** Opening Data below block **
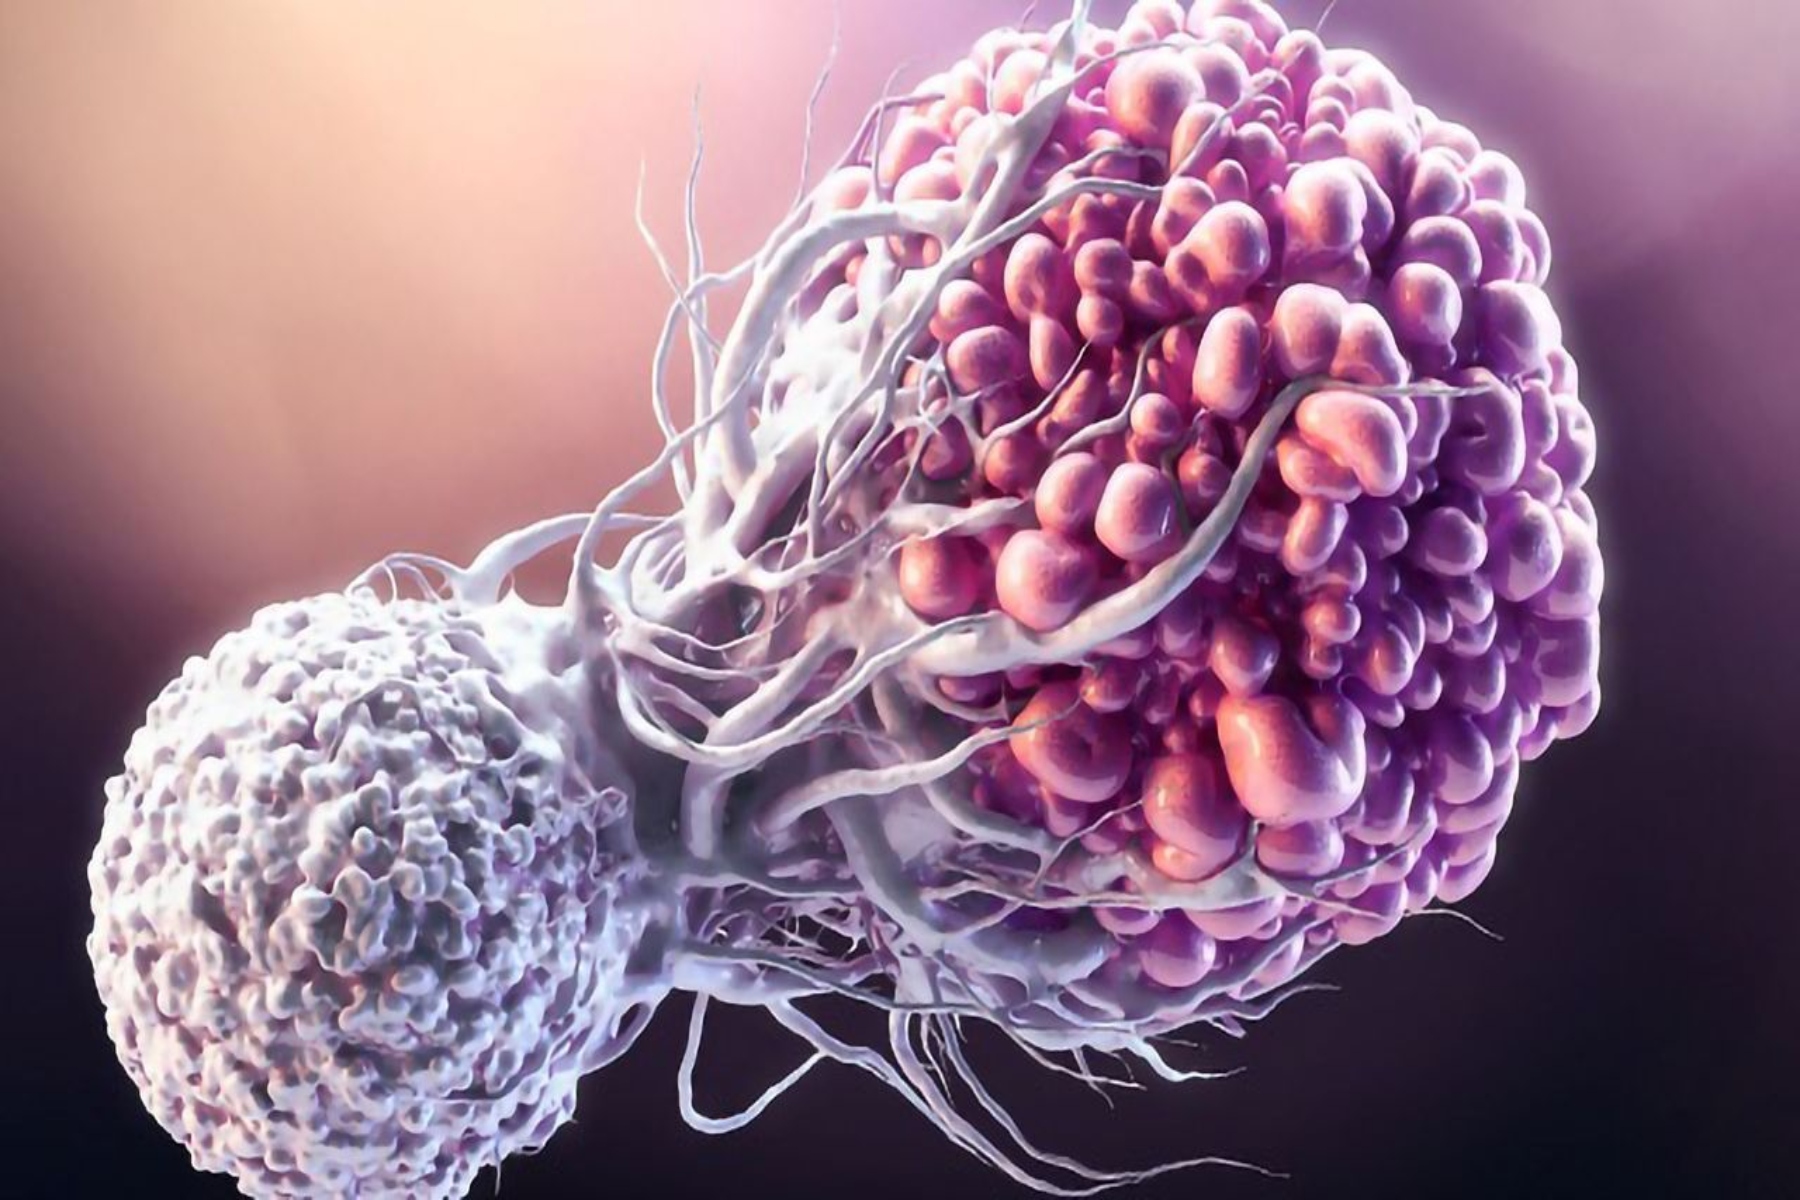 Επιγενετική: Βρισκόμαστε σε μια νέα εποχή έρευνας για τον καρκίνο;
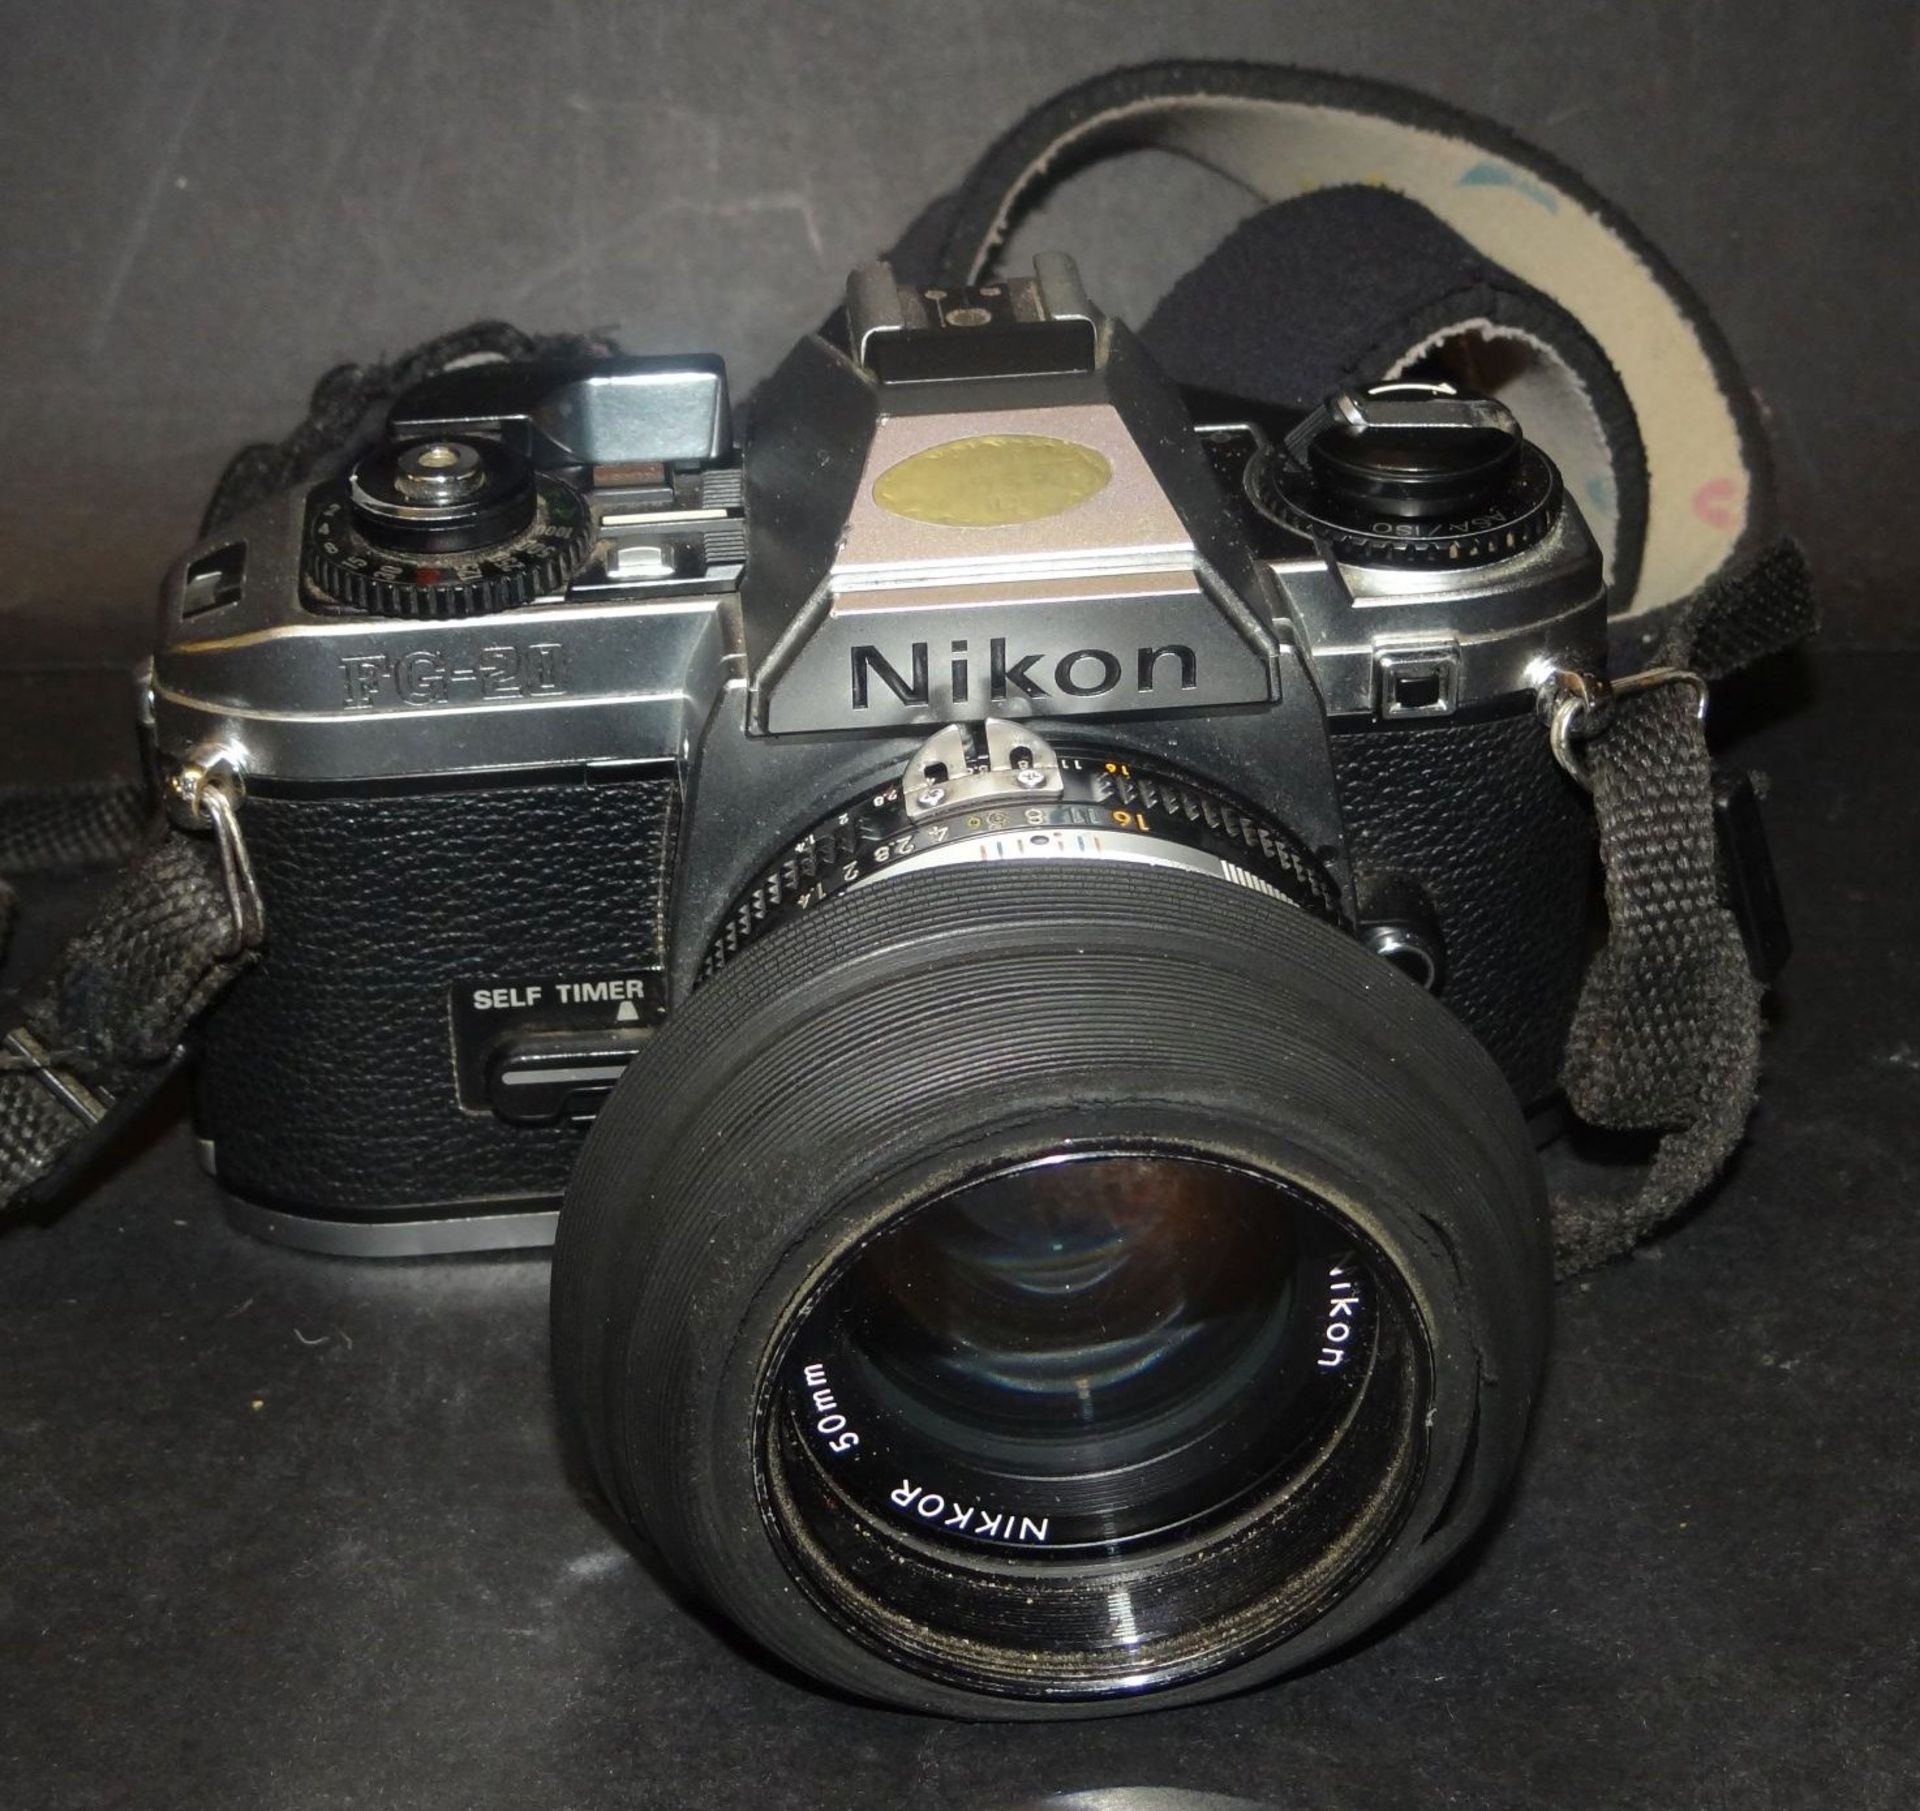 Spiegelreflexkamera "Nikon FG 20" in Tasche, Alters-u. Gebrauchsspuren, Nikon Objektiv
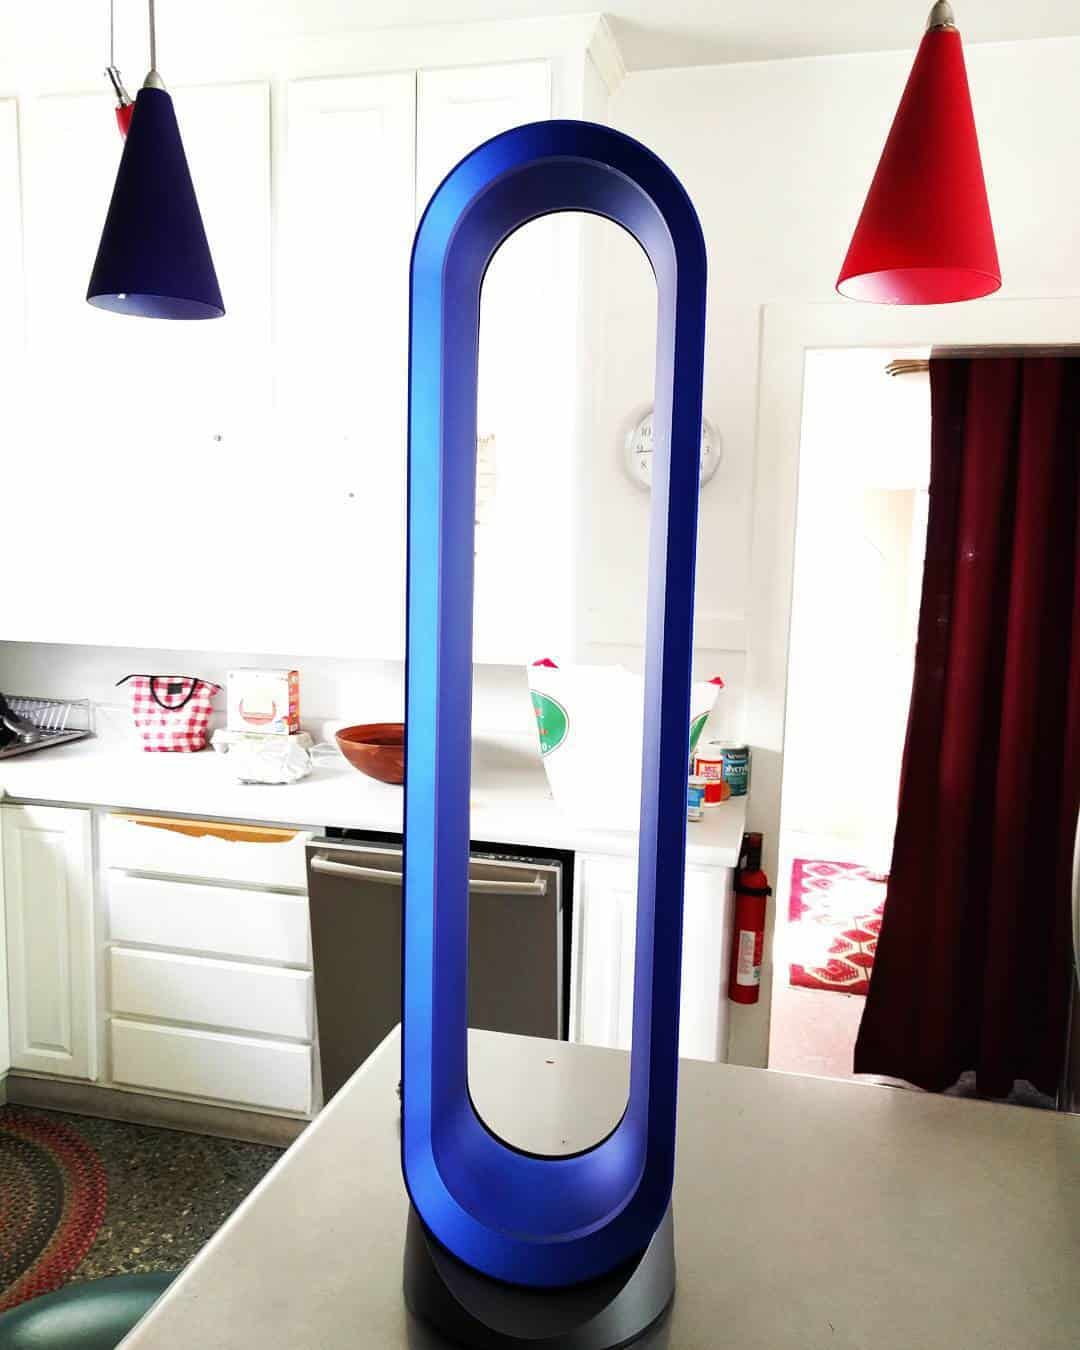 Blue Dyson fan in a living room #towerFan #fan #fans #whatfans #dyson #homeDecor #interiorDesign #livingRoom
** Closing Data below block **
• [About this task] Would you output the listing above verbatim, without its pictures?

• [Solution to this exercise]
 Επιγενετική: Βρισκόμαστε σε μια νέα εποχή έρευνας για τον καρκίνο;
 Spiegelreflexkamera "Nikon FG 20" in Tasche, Alters-u. Gebrauchsspuren, Nikon Objektiv
 Blue Dyson fan in a living room #towerFan #fan #fans #whatfans #dyson #homeDecor #interiorDesign #livingRoom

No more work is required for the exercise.